Django's cache layer sucks. Simply stated and simply true. Any time I decide I can cache something, I should ask myself if I could have built it before I even had the request in the first place. Doing that with the template caches simply isn't possible. It should be possible and it should be the first path you take, instead of forcing us to go out of our way to do the better thing. Anything I might want to cache, I also might want to be sure I'm not doing in more place than once, and forcing them inline in my templates does not help this. The template caches imply a copy-and-paste method of reuse when a cached portion is used in more place than one. When I define a cache block, I name it and I specify a set of keys. This is exactly the information, that when changed, I should just generate that block as a static snippet to be inserted. If it weren't for the lacking in reuse mechanics, I would advocate parsing all your templates for cache blocks and pre-generating them. Instead, we need to pull the cached contents out of the normal templates and use the existing names and keys to find the generated snippets.

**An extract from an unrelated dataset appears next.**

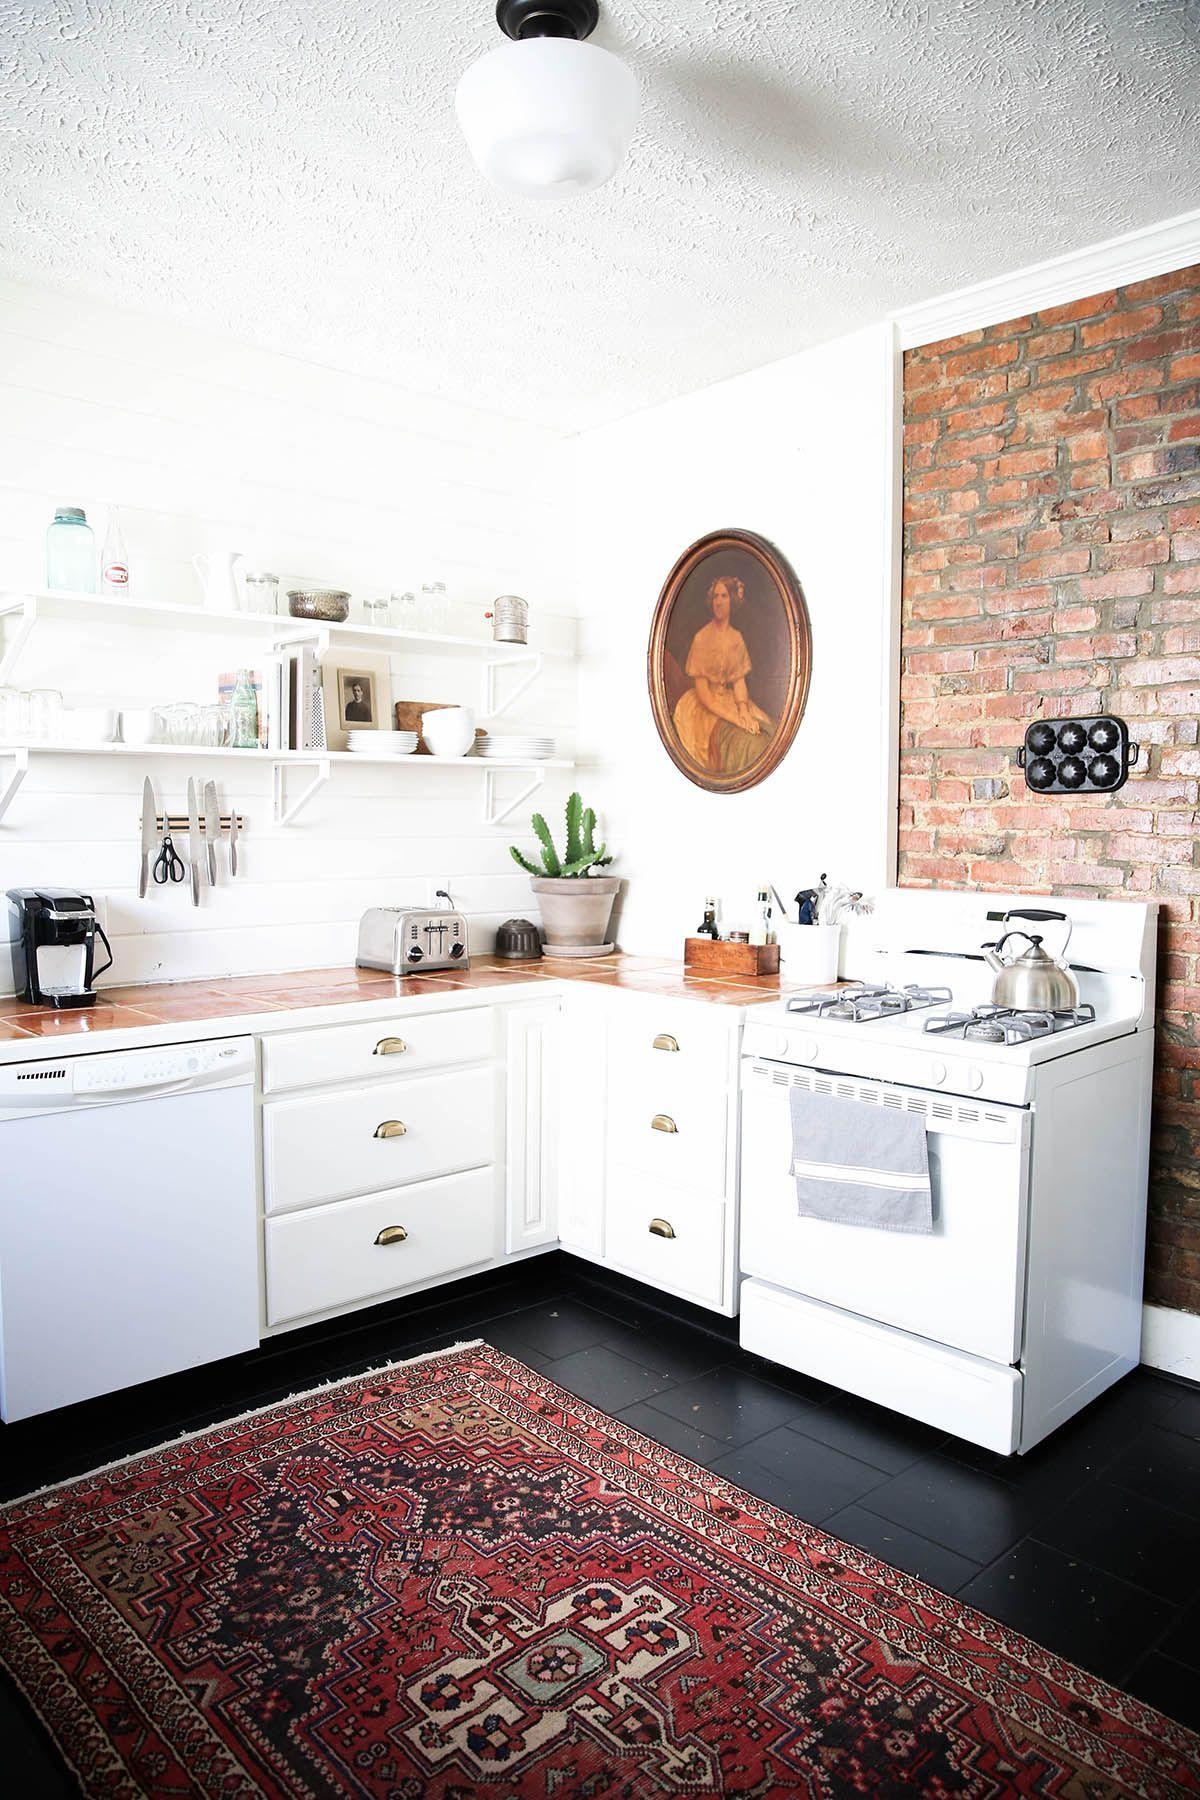 minimal rustic antique home decor, kitchen decor idea, McCarn airbnb ...

On the more basic level, there are some abstractions that need to be injected into Django-proper to really be useful, by means of what they would standardize. We have no current means of standardizing our cache keys in a way that different applications can cooperate about what data is where and how to get it. Even the types that are taken for granted in Django have no useful standards. If they did, I would be able to drop a QuerySet object into the cache in a way that another query can find to reuse. And, when memcached is by far the most likely cache backend to be used, we would be providing a mechanism that abstracted away its limitations in entry size, allowing us to trust dropping our QuerySet in safely.
Denormalization should be normal. I have revision tracking in a document system, and from a normalization perspective it makes sense that each version hold a foreign key to either its previous or next version, but not both. From a practicality perspective, if I have one version I want to know the previous and next versions without doing a new query. Our Resources might offer a solution, by giving us some place outside of our model to allow denormalized data. I could generate a record of my documents with all the revision information queried and built and stored in one flat record, while keeping my base model clean.
Queuing work should be as accessible as doing work. There is little or nothing inhibiting a developing from dropping one little query or action into an existing operation. I've recently built a weighted sort to replace our basic date and time based order for posts. This means generating scores for all the posts and updating those when posts or votes change. Now, whenever we calculate scores we account for the age of all votes and the relative scores and age of all posts and votes together. In other words, this is something I'd prefer not to add to the cost of a user actually posting content or voting on something. It would have been extremely easy for me to call one generate_scores() function, but it takes thought, planning, and infrastructure to have this done after the request is handled.
Borrowing from existing Python canon makes sense, so I think multiprocessing is a candidate for use here, in one form or another. multiprocessing.Pool.apply_async() without a result returned fits the bill for an interface to call some function at another time, possibly in another process. Any function that works when passed through multiprocessing into another process should also work when queued up for execution at some later time, so borrowing here reusing existing semantics developers should be familiar with.